Par ailleurs, tout récemment, la Commission a publié de nouvelles normes qui doivent garantir aux conducteurs l'accès à toutes les installations nécessaires, tout en permettant aux opérateurs de transport de choisir le niveau de sécurité dont ils ont besoin pour leurs marchandises. Le règlement délégué publié le 7 avril 2022 détermine en effet un niveau minimal de services et 4 niveaux de sécurité (bronze, argent, or, platine).
Aux États-Unis aussi, une loi sur l’amélioration de la sécurité du stationnement des poids lourds a été présentée en mars 2021, qui doit permettre de financer des projets à hauteur de 755 millions de dollars.

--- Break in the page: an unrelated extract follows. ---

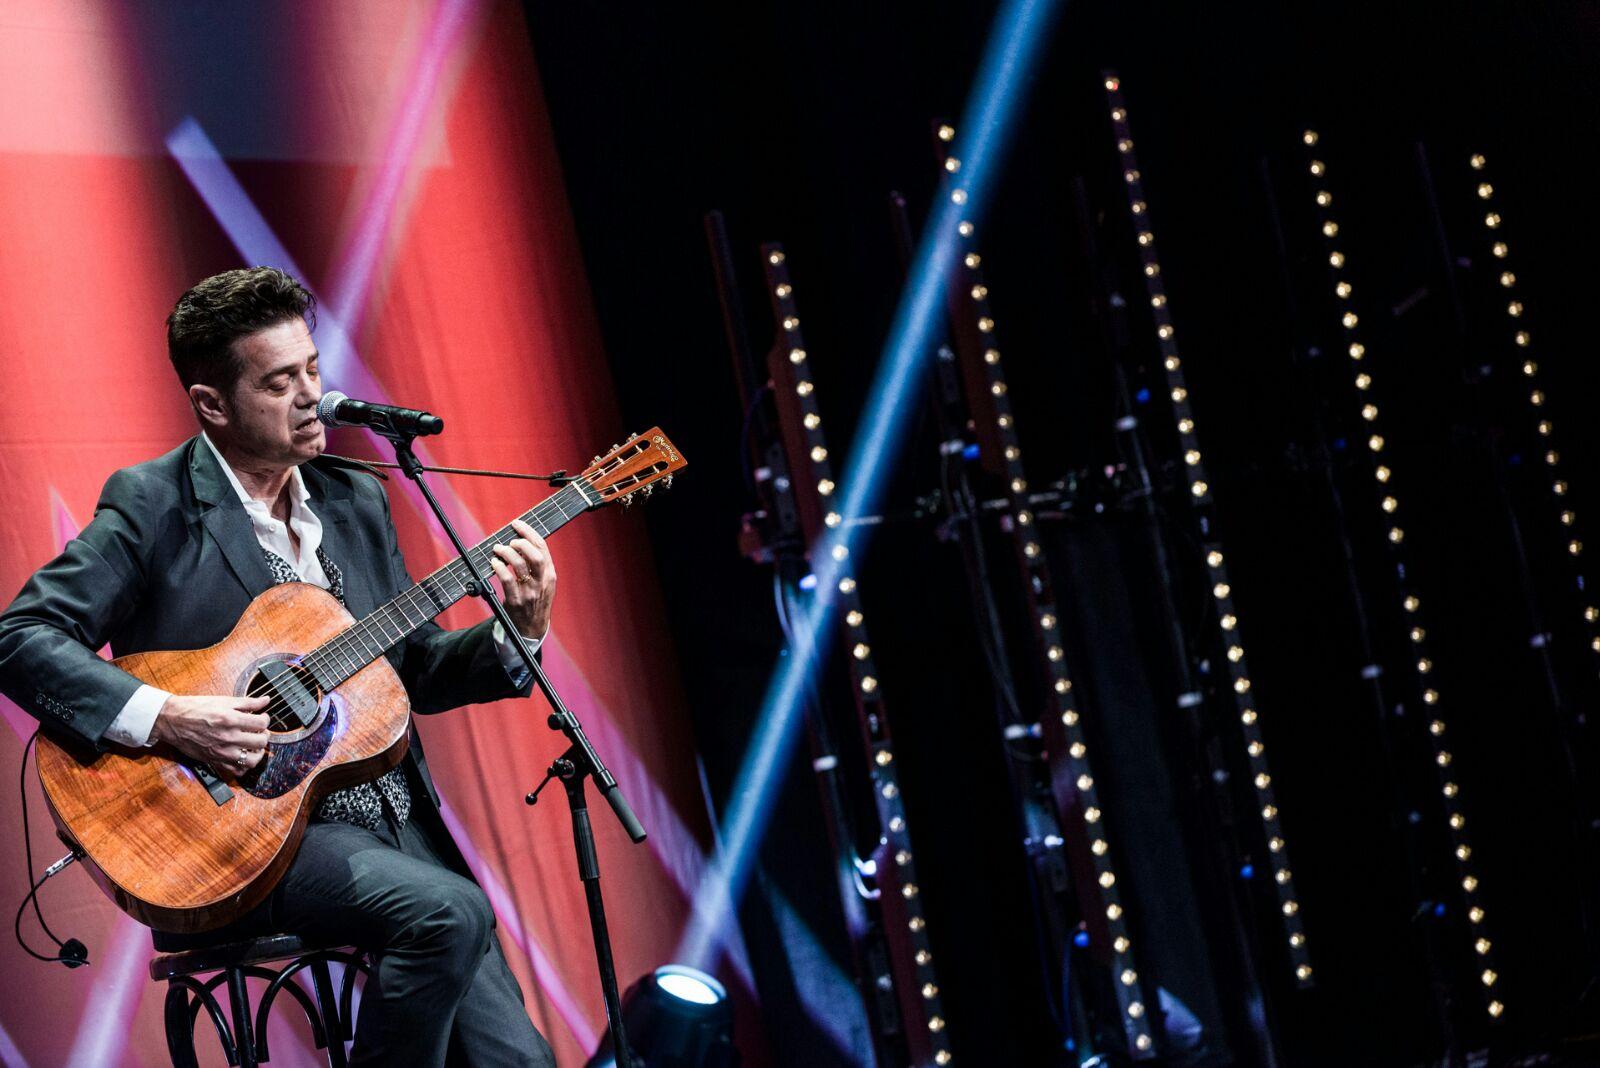 Santiago Auserón, Premio a la Trayectoria en los XVIII Premios de la Música Aragonesa

Le processus législatif est toujours en cours.
Au chapitre de l’amélioration des conditions de travail figure un autre point clé : les conditions d’accueil chez les expéditeurs et les destinataires. Cela concerne aussi bien la question de l’accès aux équipements sanitaires que la nature des tâches exigées, comme le chargement/déchargement des marchandises par le chauffeur. Certains pays ont commencé à légiférer sur ce point. En Espagne, par exemple, un décret-loi royal du 1er mars 2022, publié dans le journal officiel en date du 2 mars 2022, a introduit l’interdiction de la participation du conducteur aux opérations de chargement et déchargement de la marchandise ainsi que des emballages (palettes, caisses, etc.), à l’image de ce qu’a fait le Portugal en septembre 2021. Celle-ci vaut pour tout véhicule de plus de 7,5 tonnes sur l’ensemble du territoire espagnol, sauf dans certaines activités précises. Le non-respect de l’interdiction est désormais considéré comme une infraction et sera passible d’une amende pouvant atteindre jusqu’à 6 000 euros. Par ailleurs, le temps d’attente au-delà d’une heure fait désormais l’objet d’une indemnisation de l’entreprise de transport.
La pénurie de chauffeurs ne concerne pas seulement les entreprises de transport et les pouvoirs publics. C’est toute la chaîne qui doit se mobiliser, y compris les chargeurs, qui vont devoir redoubler d’efforts pour sécuriser leurs relations avec ces prestataires essentiels.